Owners Equity (Left Col. is SKX, Right Col. is NKE)
 
2006  $        449,000,000  $    6,286,000,000
2007 40%  $        627,000,000 12%  $    7,026,000,000
2008 7%  $        669,000,000 11%  $    7,826,000,000
2009 12%  $        746,000,000 11%  $    8,693,000,000
2010* through Q3 26%  $        942,639,000 12%  $    9,754,000,000
12 month forecast  $    1,141,090,546.  $  10,886,491,845
Avg: 21% 12%
Avg. w/ dividend: 21% 13%
forecast book value per share (1 yr.)  $                          23.99  $                          22.68
price at today's premium over book  $                          23.30  $                          91.41
 
Its hard to see a lot of risk in SKX.  They have enlarged their owner’s equity on average 21% over the past 4 years.  Based on this average rate of increase, we can project that owner’s equity, (including their conservative handling of good will), to grow to approximately 1.14 bln. within twelve months, or about $24 per share.  If the company continued to trade at the same discount by that time, we estimate the share price at $23.30, an increase of some 21% over the October 28th price. 

However, the market being what it is, we feel that the reaction to the inventory glut is overdone and sentiment should improve barring any other major negative events.  It was only four and half months earlier that the exact same company traded at $43.85 a share or 220% of its book value, despite the fact, the company had yet to present such excellent numbers as it did in its third quarter.   We do not think this issue should trade at four times book value as its larger rival NKE, but we do think that an estimate of say two times book value is both a fair and conservative estimate of what this company might be worth.  After all, we believe both companies have understated their true value.

However, If SKX were to return to even 1.5 times it equity value at the end of twelve months, the stock would be selling for about $36, an increase of some 87% over the October 28th, 2010 price.
 
NKE has enlarged owner’s equity on average about 12% per annum over the last four years with just over 1% additional being returned to owners in the form of dividend payments.  Assuming consistent performance and it’s related optimism about the value of the shares, the issue should sell for about $91 per share based on enlarged equity of 10.88 bln and the premium the market was willing to assign to the shares on October 28th, 2010.  We believe the buyer of this security would then have a reasonable prospect of a return on his investment of some 13% at the end of one year.

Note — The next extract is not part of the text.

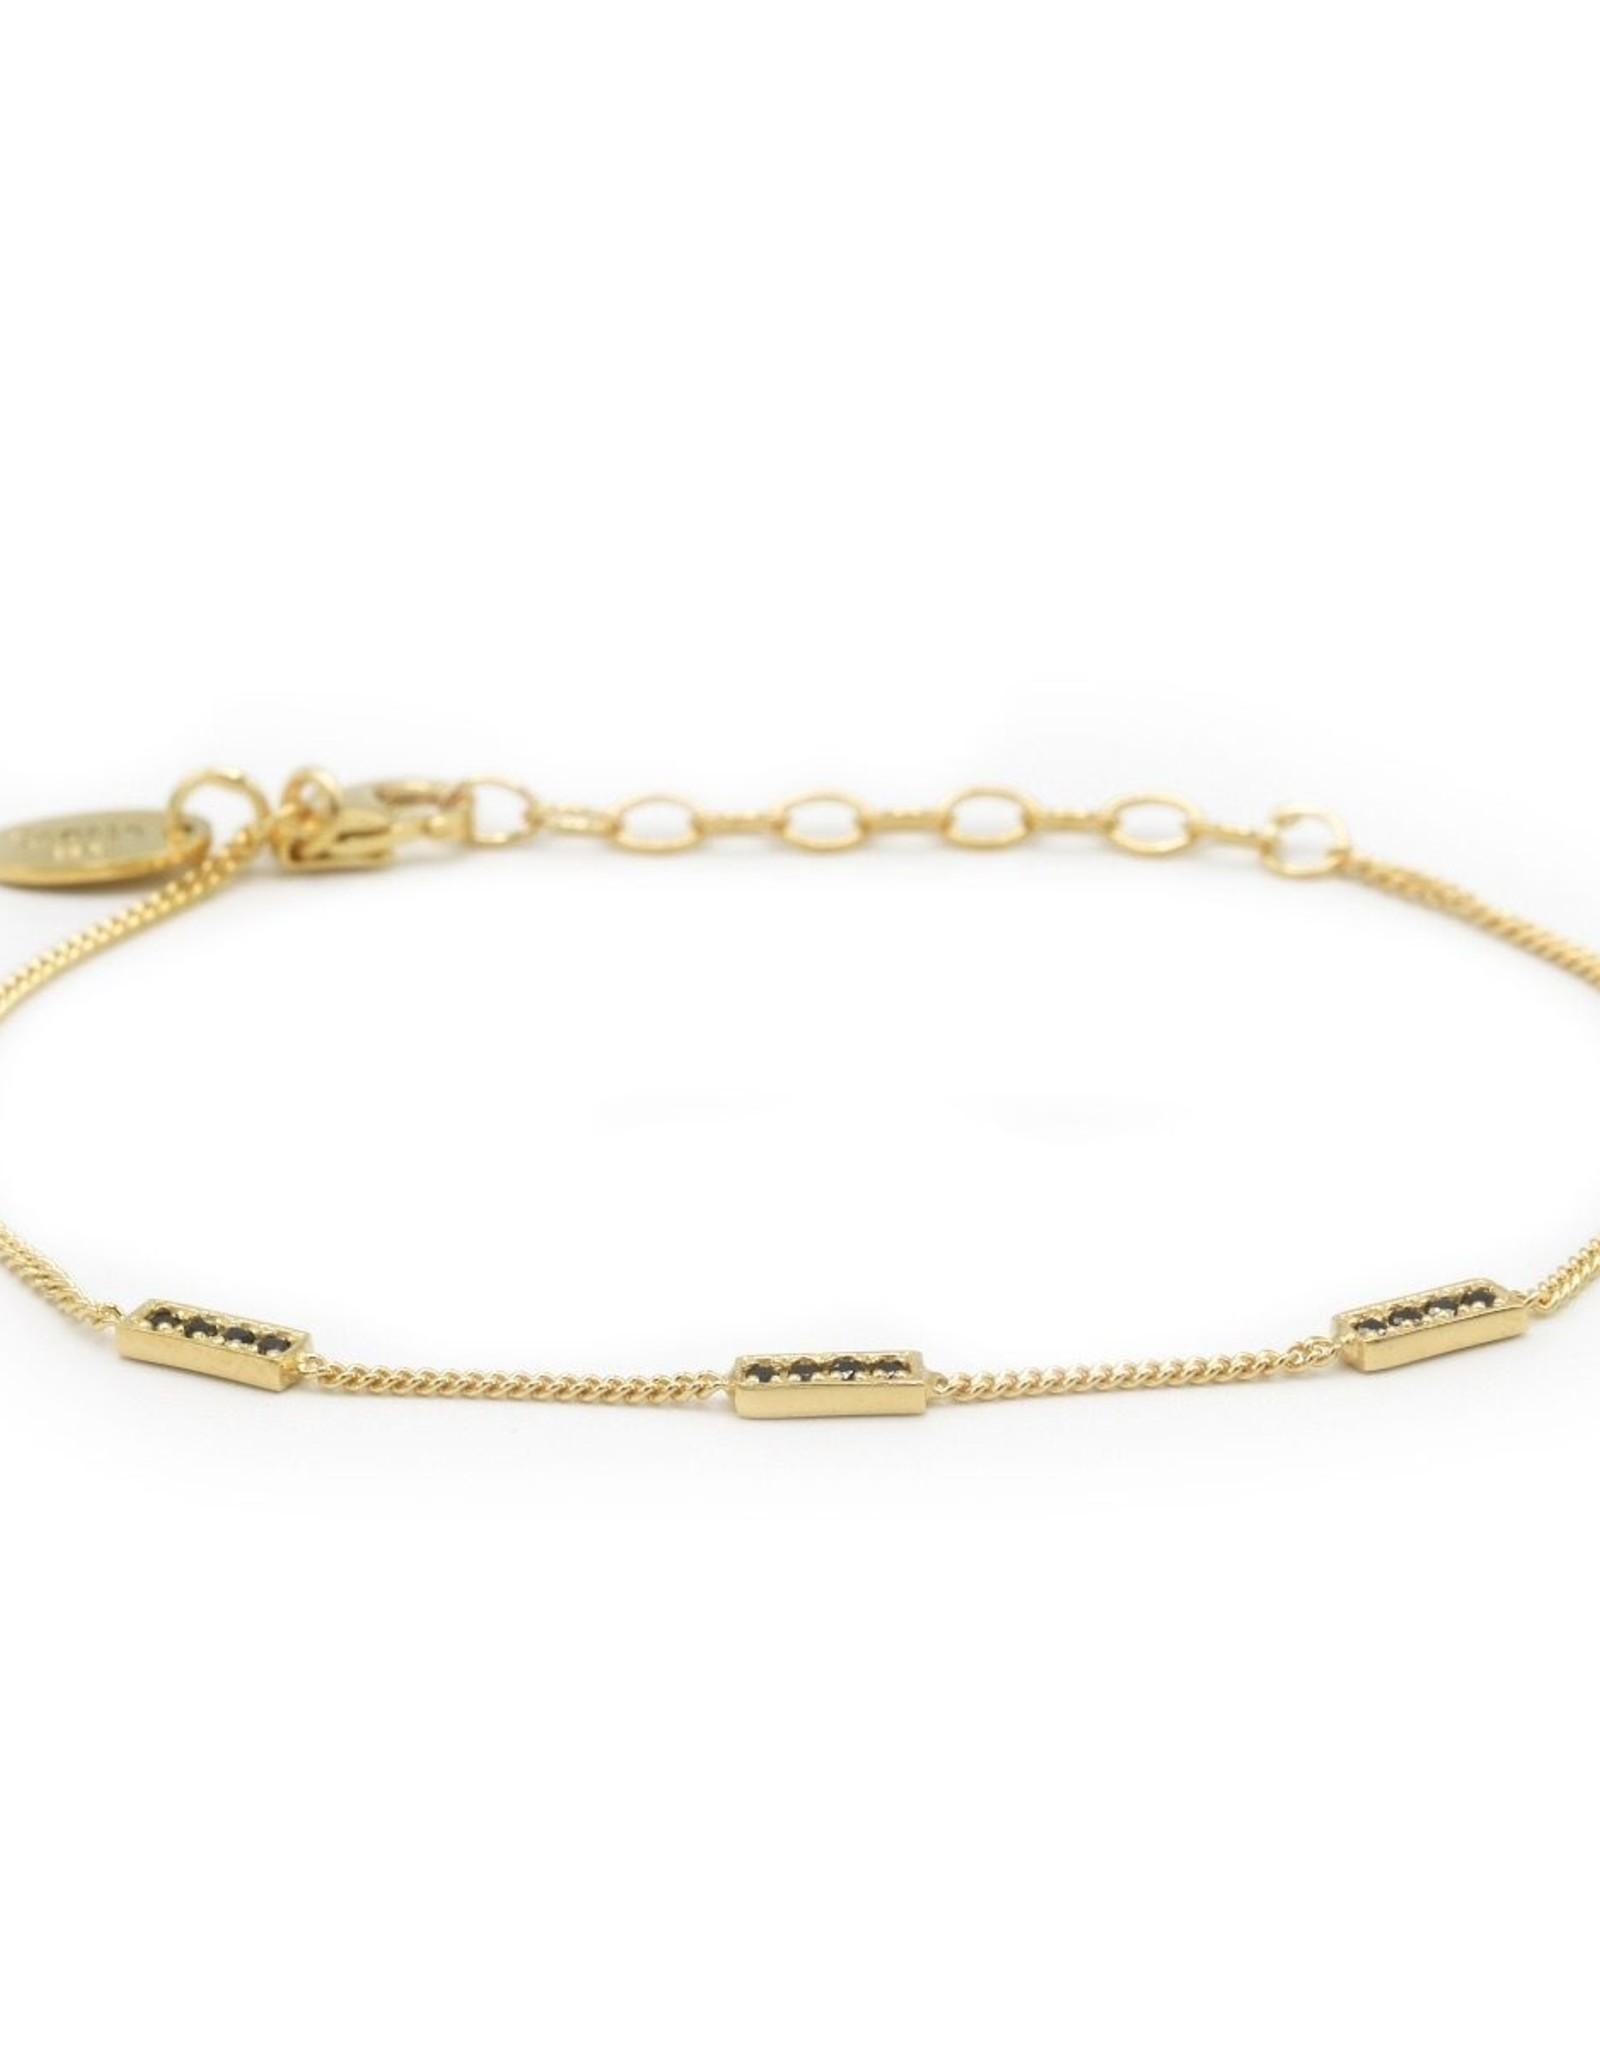 Karma Bracelet 3 Black Zirconia Rectangles Goldplated
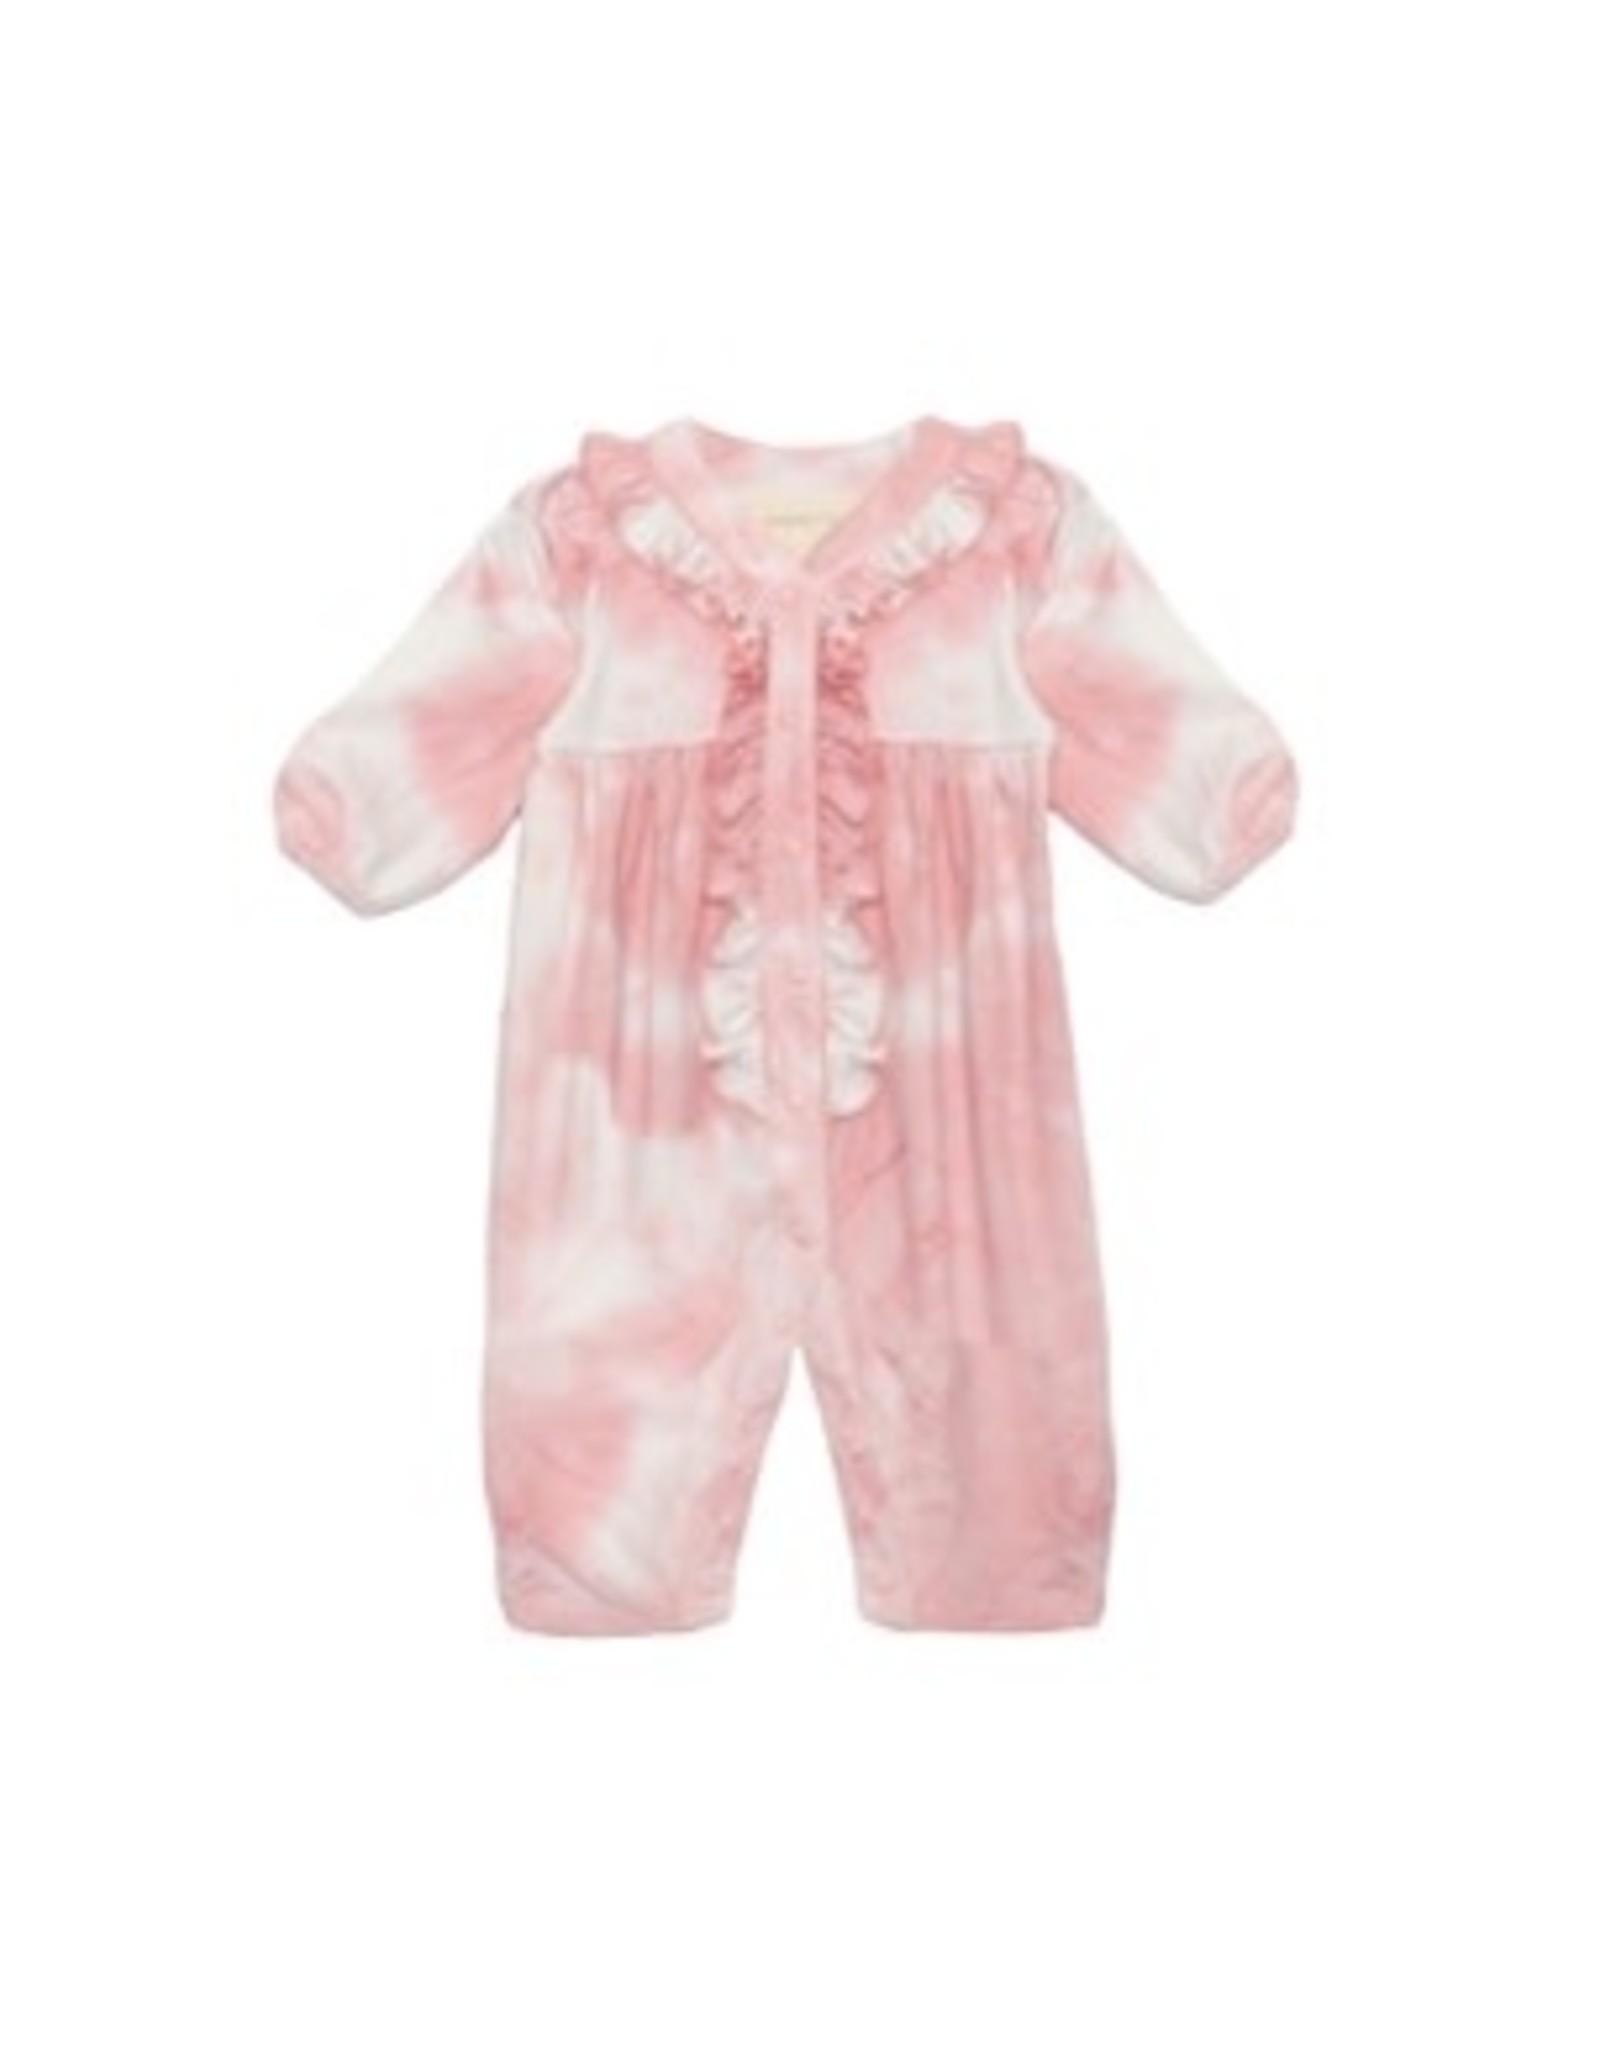 Mabel & Honey Mabel & Honey- Little Lovely Knit Romper: Pink

That having been said, we think NKE is somewhat vulnerable to a change in sentiment should any “bump in the road” occur – a scenario which becomes more likely with each year of successful growth.
 
**The above is not an endorsement to either buy or sell an interest in either security, but is intended rather, as a review of the quantitative factors of the concerns.  The approach is “value” oriented and intended for readers with intermediate to advanced experience with securities analysis.  Qualitative factors are undoubtedly important in any consideration of value, but are beyond the scope of this article, that having been said, the financial statements of a company is one of the best ways of measuring quality within the organization.